To do this we will leverage Oboe again. Doing so will allow us to read the file
and act on each element of its pixel array without waiting for the full file
to be read. We will also need to use a new technique for creating a highland
stream. We will call highland and pass it a function taking one argument
push. Inside this function, we call push, passing it an error or null
and a piece of data, as many times as we want and eventually pass it the value
highland.nil. Each push will push that data through our stream and nil
will signal that the stream is over.

function getPointStream(sourceStream) {
  return highland(function(push) {
    oboe(sourceStream)
      .node('{x y color}', function(point) {
        push(null, point);
      })
      .done(function() {
        push(null, highland.nil);
      });
  });
}

Reading sun points over the network

The final piece of the puzzle is to add the sun points to our response. Luckily,
the work we've done to abstract our data will make this pretty straight forward.

In getDataStream, we will add another readable point stream like our cat
stream, but with a different origin. We will use the request library to
request another file from GitHub. This will be a much slower operation both to
start and to complete than reading a file from disk.
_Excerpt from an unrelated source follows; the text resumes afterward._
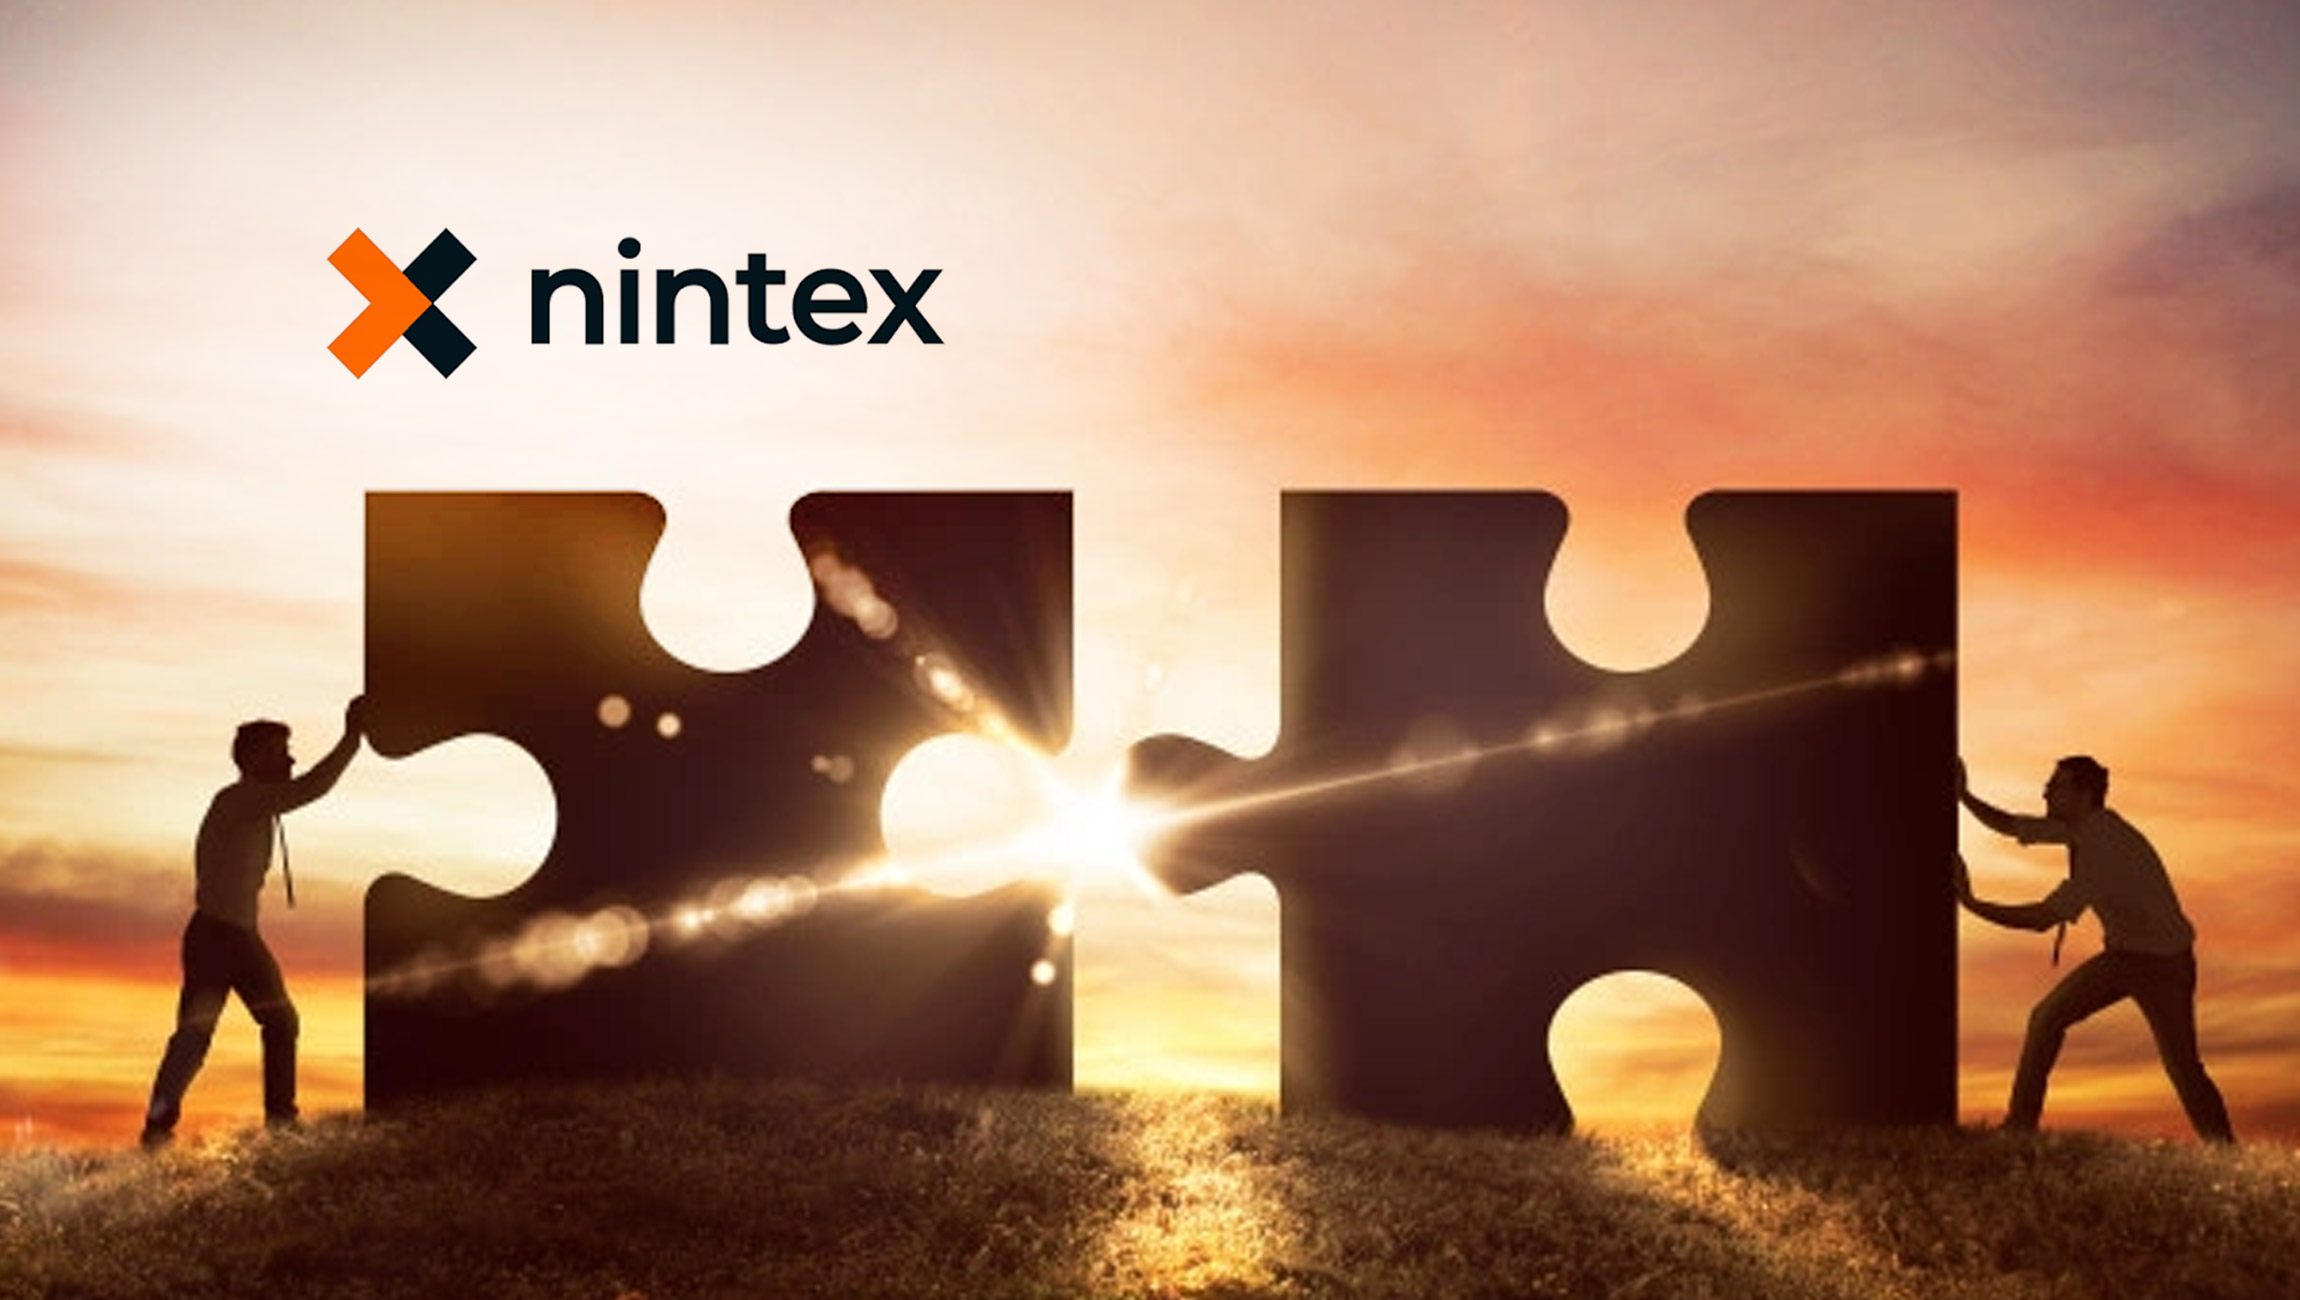 Nintex Completes its Acquisition of Skuid
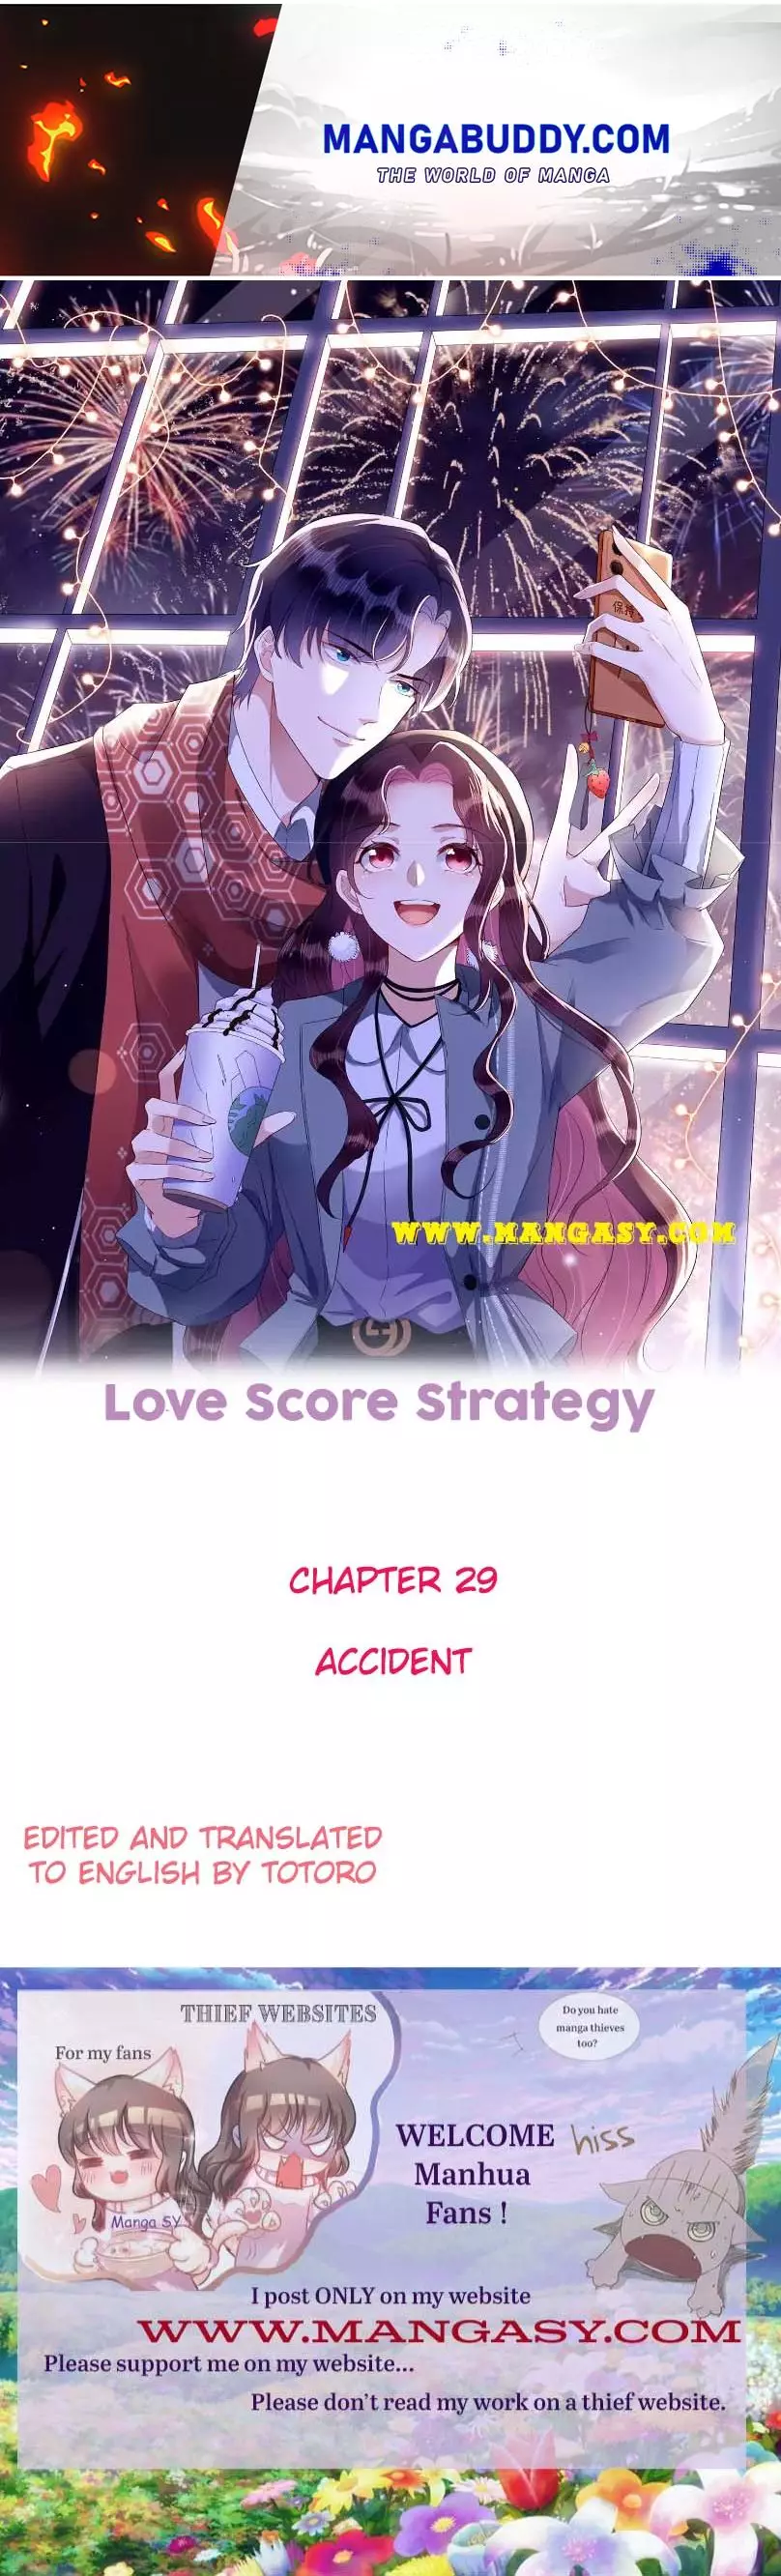 Love Score Strategy - 29 page 1-9423a9f3

Luckily, request returns a readable stream, so we can pass it to
getPointStream, and Oboe will handle it the same as the result of
fs.getReadStream.

function getDataStream() {
  /* get cat stream */

  var sunUrl = 'https://raw.githubusercontent.com/JuanCaicedo/better-json-through-streams/master/data/sun-points.json';
  var sunSource = request(sunUrl);
  var sunStream = getPointStream(sunSource);

Now we have two streams, catStream and sunStream, that we would like to
send back out to another module. We can call highland with both of these
streams and then call merge to end up with a single stream we can return.
This stream will emit an event when any of the streams it contains emit in an
event. Unlike sequence, it will pass off each of these elements as soon as they
are ready, mixing them together. This means that cat points will get passed off
as soon as possible, and will not be held up by however long the sun points
take.

return highland([
    catStream,
    sunStream
  ]).merge();
}

Conclusion

Designing an application with streaming as the main strategy for data transfer
is extremely powerful. It allows us to create a client-side focusing on how to
handle a single unit of data without worrying about the full response. It
allows us to create a server-side that begins sending data to the client as
quickly as possible, without waiting to have all the data ready up front. And
finally is allows us to create modules that abstract away the source of our
data, allowing us to focus on its similarities as opposed to its differences.